Frente a las inconfundibles lugareñas, estaban las damas del lugar que ya si que estaban más influenciadas por las modas y que a Valera no le gusta que hayan perdido las características propias en el vestido y en el peinado: «Por desgracia, las damas del lugar han adoptado, en cuanto cabe, casi todas las modas francesas y van perdiendo el estilo propio de vestir y peinarse»23. Continúa describiendo la nueva indumentaria de la que hacen gala estas damas y de los constantes cambios en la moda: «Todas usaron ingentes miriñaques totales y ahora usan el miriñaque parcial o seudocalípigo que priva. El día menos pensado abandonarán la mantilla y se pondrán el sombrerito. Todas se peinan tomando por modelo el figurín, y suelen llamar a este peinado el cucuné o de remangué, a fin de llevarlas cortas, las llevan largas, y van barriendo con la cola el polvo de los caminos.
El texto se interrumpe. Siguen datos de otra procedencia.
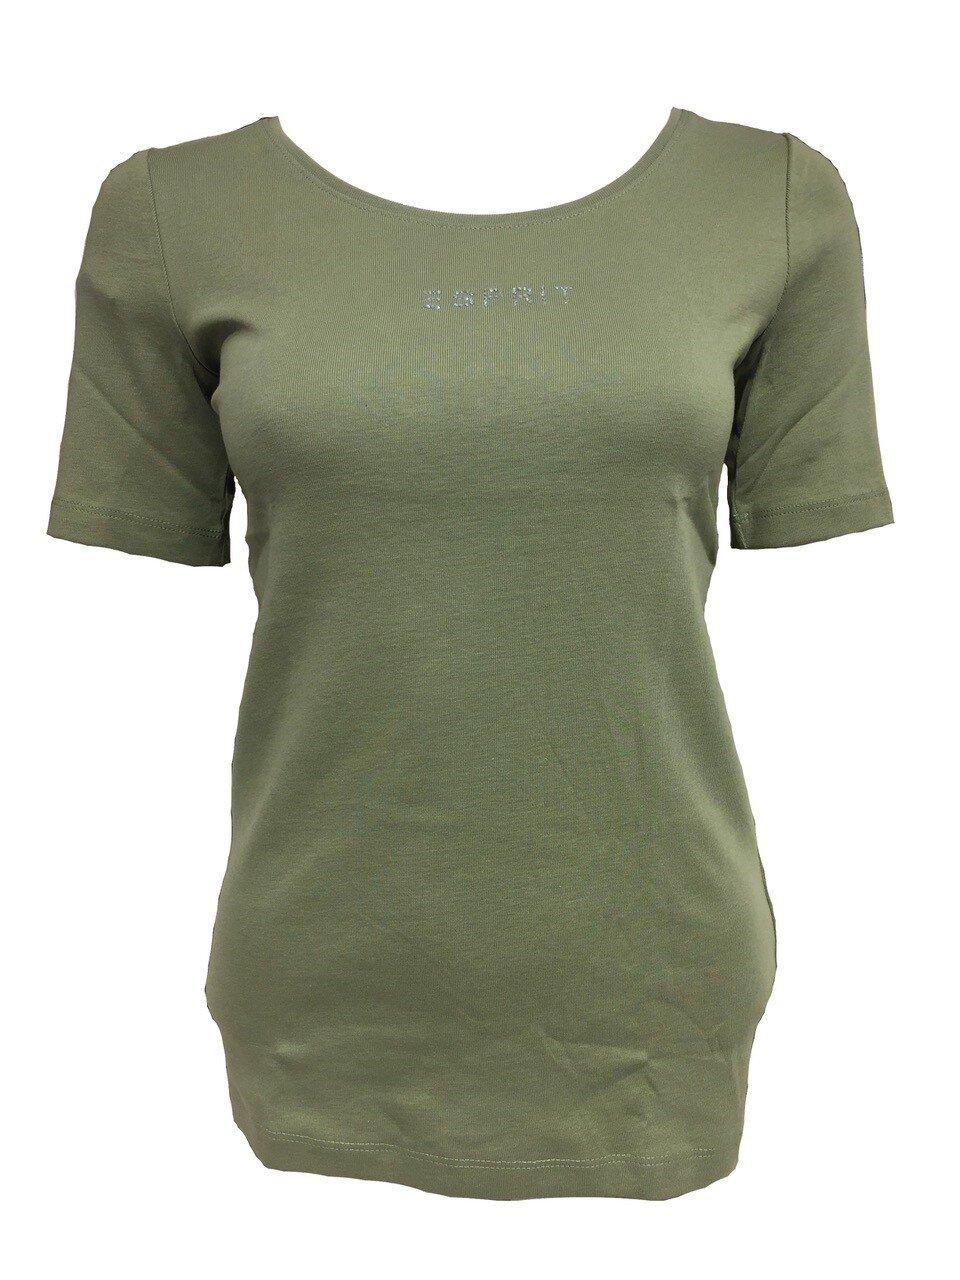 T-shirt Med Strasslogga - Lt Khaki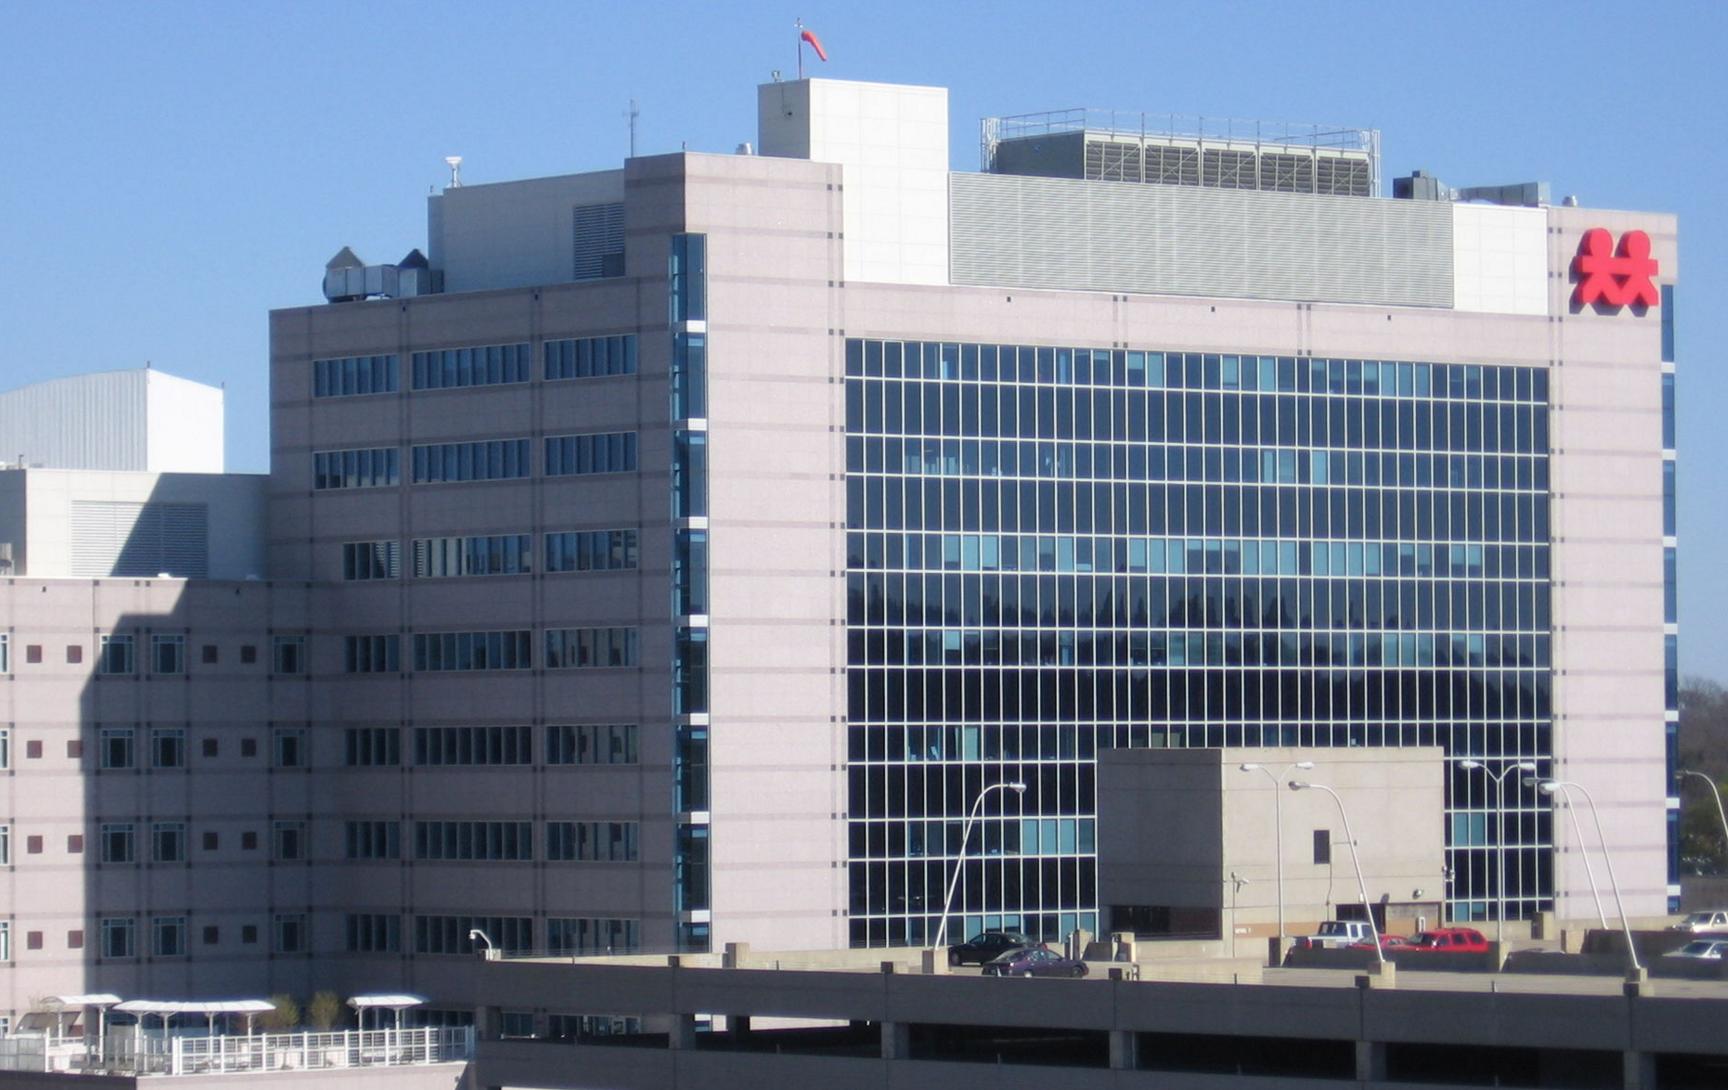 Monroe Carell Jr. Children's Hospital at Vanderbilt

En resolución: es una pena este abandono del traje propio y adecuado»24.

Después de estos reproches por abandonar las características (del vestido entre otras) por parte de las clases acaudaladas de aquellos lugares, intenta suavizar un poco estas aseveraciones: «A pesar de tales disfraces, la belleza, o al menos la gracia, el garbo y el salero, son prendas comunes en mis paisanas»25.

También destaca nuestro escritor sus habilidades para el baile, especialmente para los nuevos bailes aunque no se desdeñen los propios de la tierra: «Tienen en el andar mucho primor, y más aún si bailan. Los rigodones y el vals, y la polca se van aclimatando pero el fandango no se desterró todavía. Hasta las señoritas salen a hacer una mudanza, si las sacan y obligan en cualquier fiesta campestre, y se mueven y brincan con gallardía y desenfado, y repiquetean con brío las castañuelas»26.

Por último pondera sus características como mujer enamorada, tanto si es casada como si tiente novio formal y acude por las noches a la reja a pelar la pava hasta que se casa, deja habitualmente de trabajar fuera de casa si es que hasta ese momento lo hacía, (el tradicionalismo como doctrina imperante hace que las mujeres valerianas estén dedicadas a su hogar salvo excepciones como Juana la Larga y su hija, pero en este caso, porque no tienen un hombre que las proteja y mantenga y tienen que trabajar para sobrevivir; no obstante lo hacen en menesteres propios de mujeres; coser y cocinar) y se convierte en el ángel del hogar, abnegada esposa y amantísima madre de familia, que encuentra consuelo a los desdenes del marido, si estos existieren, en la devoción religiosa más acendrada.

Rica o pobre, casada o soltera, culta o jornalera, la cordobesa es una mujer especial; especial, por su personalidad inconfundible (con los matices propios de cada carácter individual), por su valía, saber hacer y estar y orgullosa de su tierra. Este es el tipo genérico de mujer que Valera refleja en sus obras: así son Pepita, Juanita, doña Inés, dona Luz, etc. (cada una desde su status y posición). Pero reales, sobre todo, reales; personajes copiados de la realidad cordobesa de la época que vio y conoció, como decíamos al principio, adaptados para las novelas. De esta manera son las heroínas valerianas cordobesas: bellas, mujeres de carácter, fuertes, trabajadoras y amantes de su tierra y de los suyos que luchan por aquello que quieren hasta conseguirlo.